Swap Regret and Correlated Equilibria Beyond Normal-Form Games
Eshwar Ram Arunachaleswaran, Natalie Collina, Yishay Mansour, Mehryar Mohri, Jon Schneider, Balasubramanian Sivan
TL;DR
This paper extends regret minimization beyond normal-form games by introducing profile swap regret for polytope games, showing sublinear regret is necessary and sufficient for non-manipulability against a strategic opponent. It develops efficient learning algorithms via Blackwell approachability to achieve $O(\sqrt{T})$ profile swap regret, and analyzes the resulting equilibrium notions, revealing a gap between mediator-implementable correlated outcomes and profile CE in general polytope games. It further distinguishes game-aware from game-agnostic learning, connects to previous work on swap and $\Phi$-regret, and proves APX-hardness for computing the profile-swap distance in Bayesian settings, while offering semi-separation-based methods for practical efficient learning.
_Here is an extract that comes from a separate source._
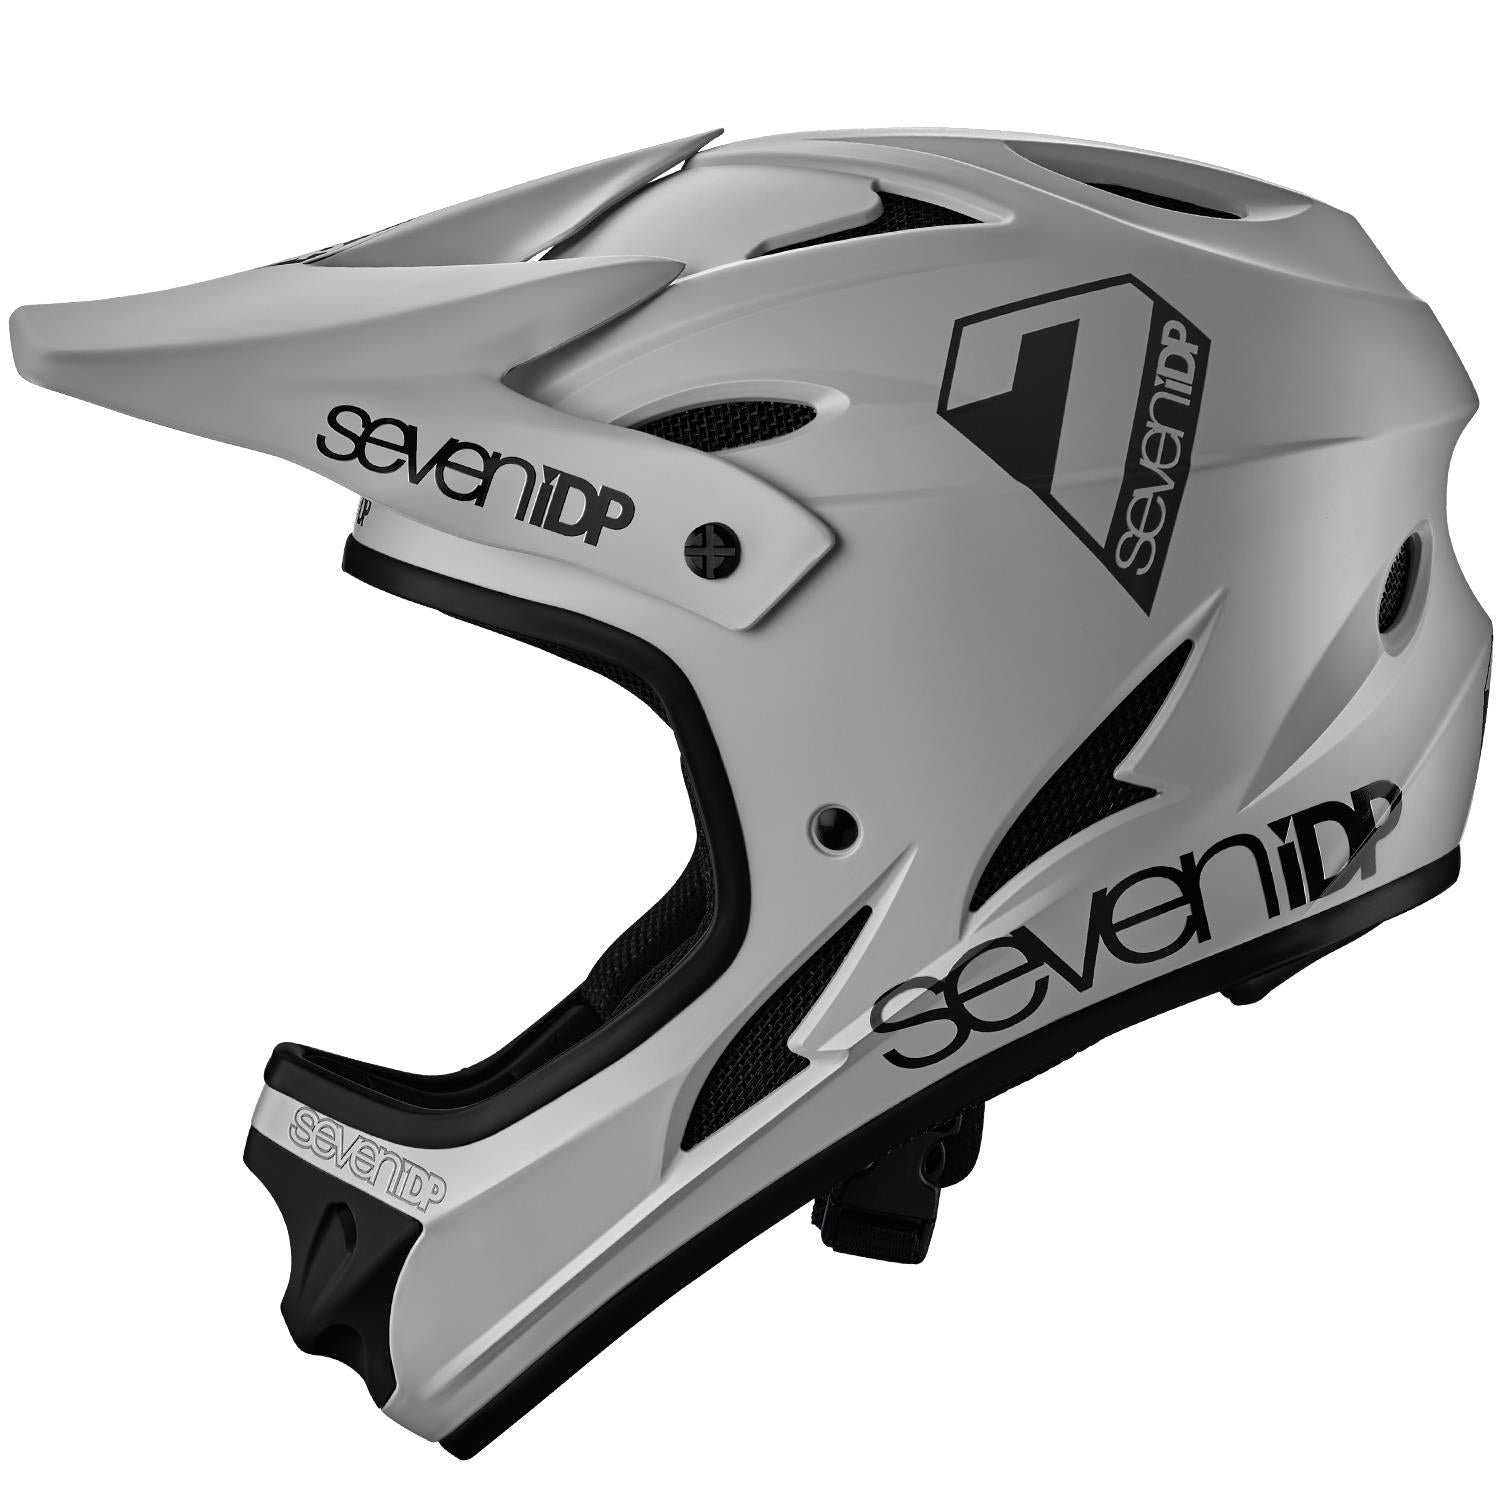 Seven iDP M1 Youth Race Casque - Grey

The work advances understanding of how to compute and reason about correlated outcomes in structured, non-normal-form games, with implications for mechanism design and decentralized equilibrium computation.
Abstract
Swap regret is a notion that has proven itself to be central to the study of general-sum normal-form games, with swap-regret minimization leading to convergence to the set of correlated equilibria and guaranteeing non-manipulability against a self-interested opponent. However, the situation for more general classes of games -- such as Bayesian games and extensive-form games -- is less clear-cut, with multiple candidate definitions for swap-regret but no known efficiently minimizable variant of swap regret that implies analogous non-manipulability guarantees. In this paper, we present a new variant of swap regret for polytope games that we call ``profile swap regret'', with the property that obtaining sublinear profile swap regret is both necessary and sufficient for any learning algorithm to be non-manipulable by an opponent (resolving an open problem of Mansour et al., 2022). Although we show profile swap regret is NP-hard to compute given a transcript of play, we show it is nonetheless possible to design efficient learning algorithms that guarantee at most $O(\sqrt{T})$ profile swap regret. Finally, we explore the correlated equilibrium notion induced by low-profile-swap-regret play, and demonstrate a gap between the set of outcomes that can be implemented by this learning process and the set of outcomes that can be implemented by a third-party mediator (in contrast to the situation in normal-form games).